Но ни Шарик, ни я даже и не собирались пугаться бабушки в такое время. Если бабушка и сердилась на кого в этот день, то сердилась понарошку, для виду.
Долгая, стойкая зима-прибериха снегами и морозом заклинивала деревенскую жизнь. И шла эта жизнь большей частью под крышами изб и во дворах. И если хозяева-старатели запаслись овощью, ягодами, капустой, одолевали они зиму без нужды, пощёлкивали кедровые орехи, говорили сказки вечерами, а с крещенских праздников в трескучие морозы гулять принимались.
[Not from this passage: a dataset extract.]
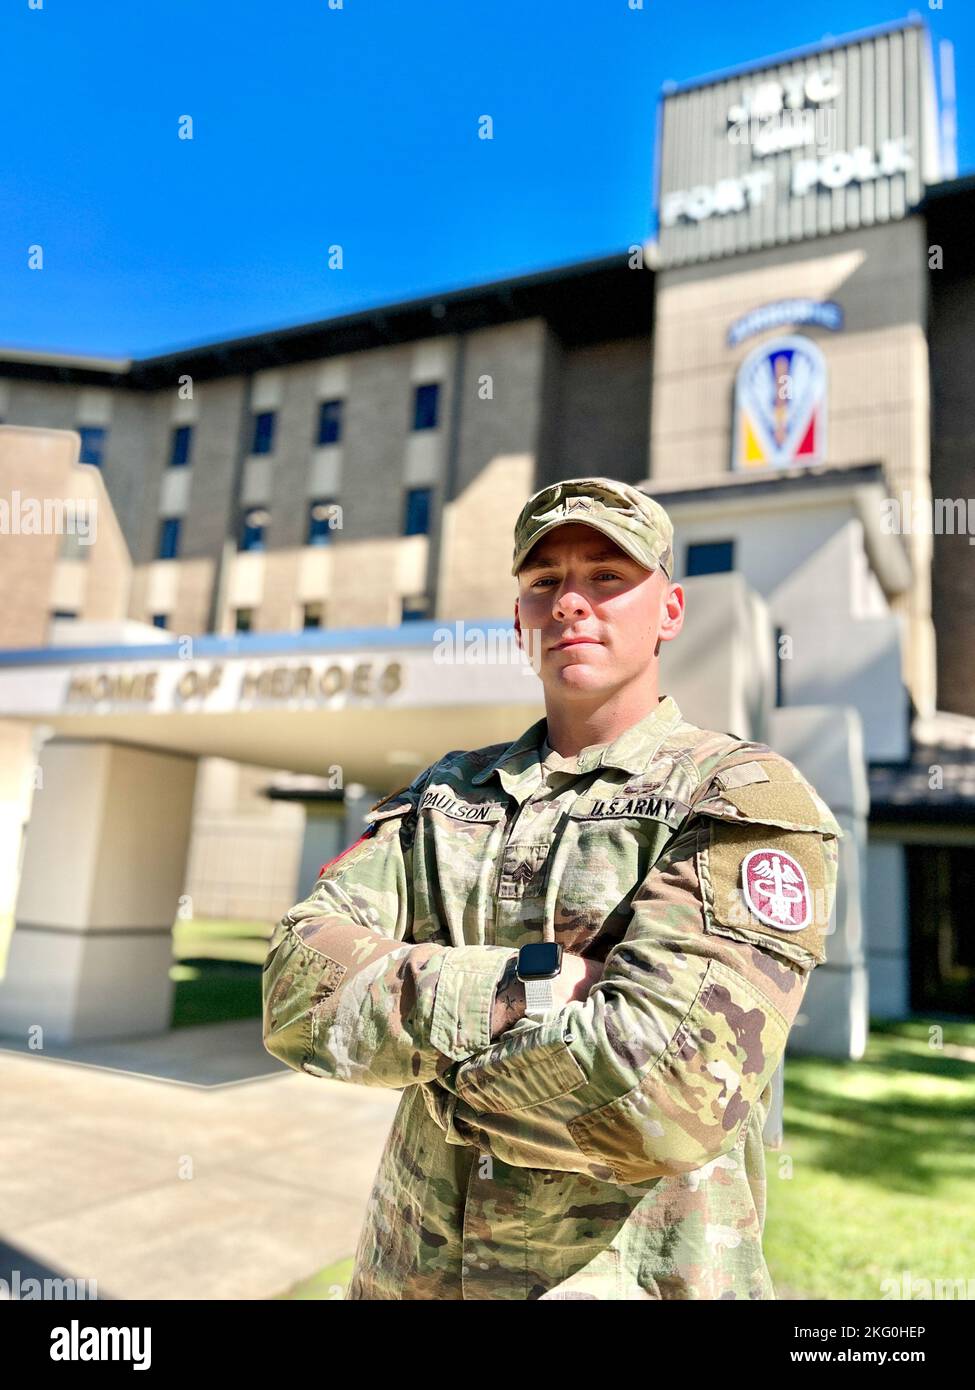 Sgt. Garrett Paulson, U.S. Army Noncommissioned Officer of the Year, is a combat medic assigned to Bayne-Jones Army Community Hospital at the Joint Readiness Training Center and Fort Polk, Louisiana. Stock Photo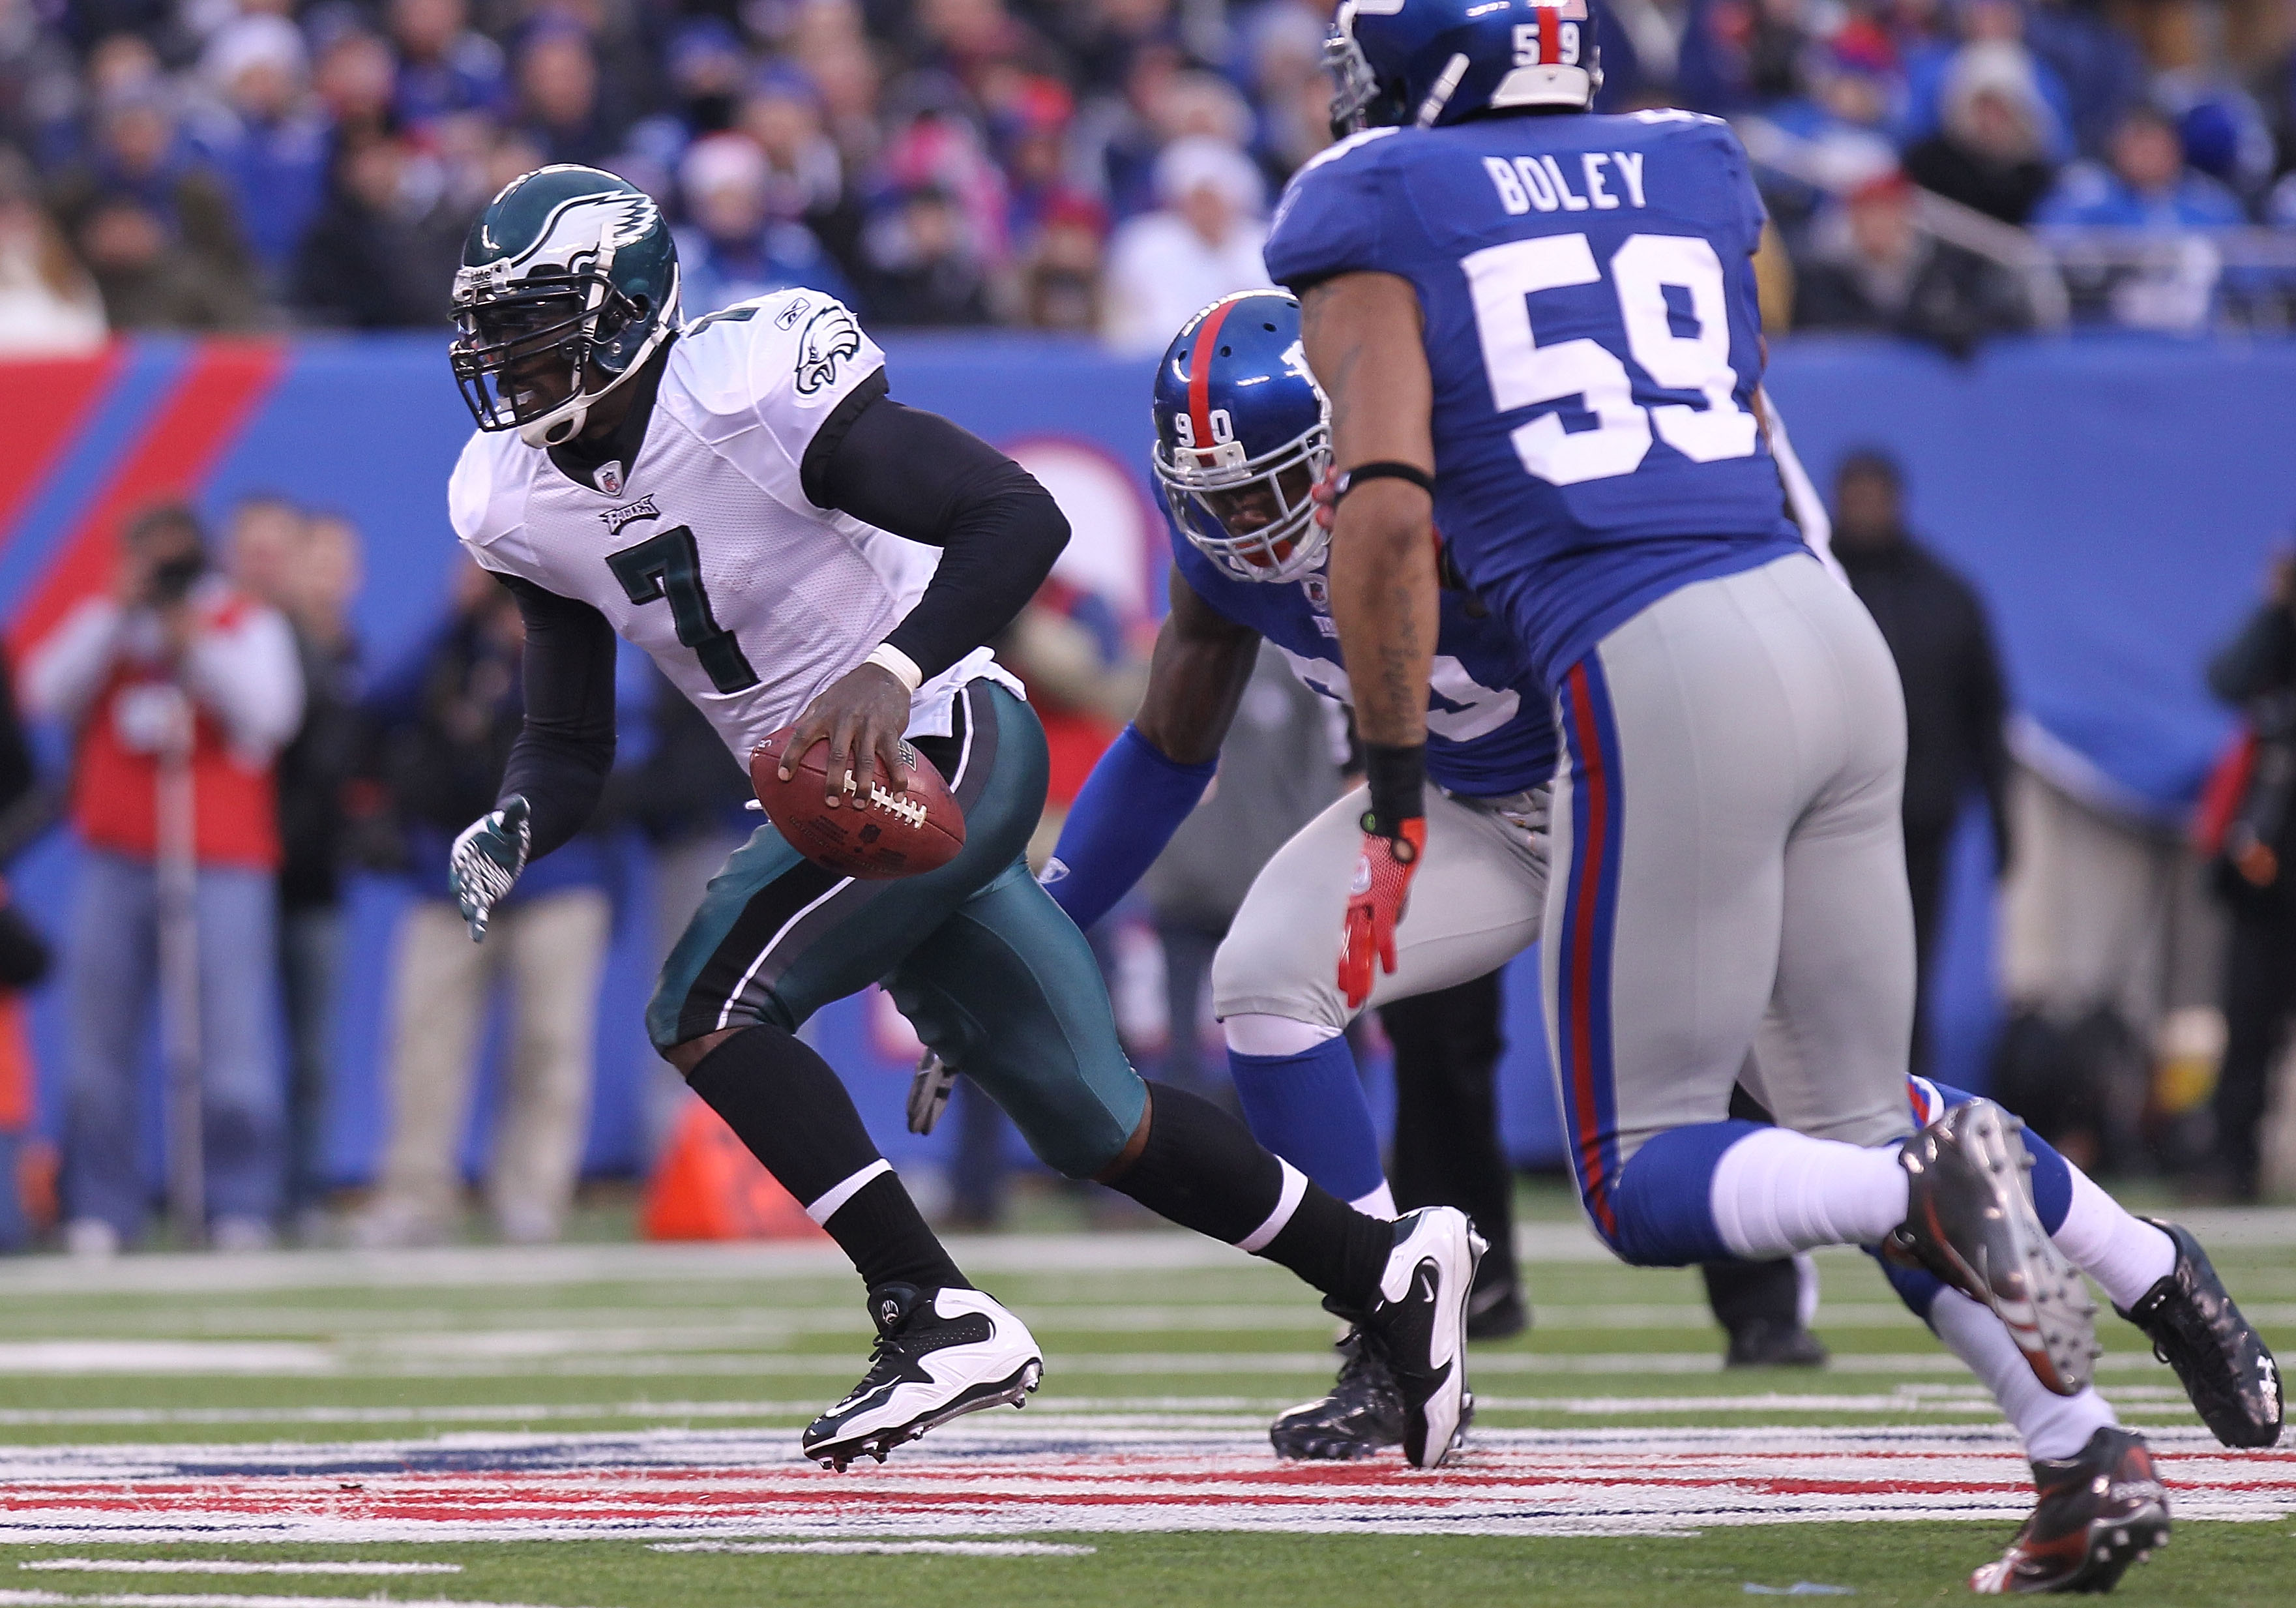 EAST RUTHERFORD, NJ - DECEMBER 19:  Michael Vick #7 of the Philadelphia Eagles rushes against the New York Giants at New Meadowlands Stadium on December 19, 2010 in East Rutherford, New Jersey.  (Photo by Nick Laham/Getty Images)

И в каждой избе в центре стола, как главный фрукт, красовалась в тарелке, в чашке или глиняной латке беда и выручка чалдонская – квашеная капуста, то выгибаясь горбом розового пласта, то растопорщившись сочным и мокрым листом, то накрошенная сечками.
И какая уж такая сила была в этой капусте, знать мне не дано, однако смолачивали её за зиму с картошкой, во щах, пареную, жареную и просто так целые бочонки и кадушки и были здоровы, бодры, зубов до старости не теряли чалдоны, работали за двоих.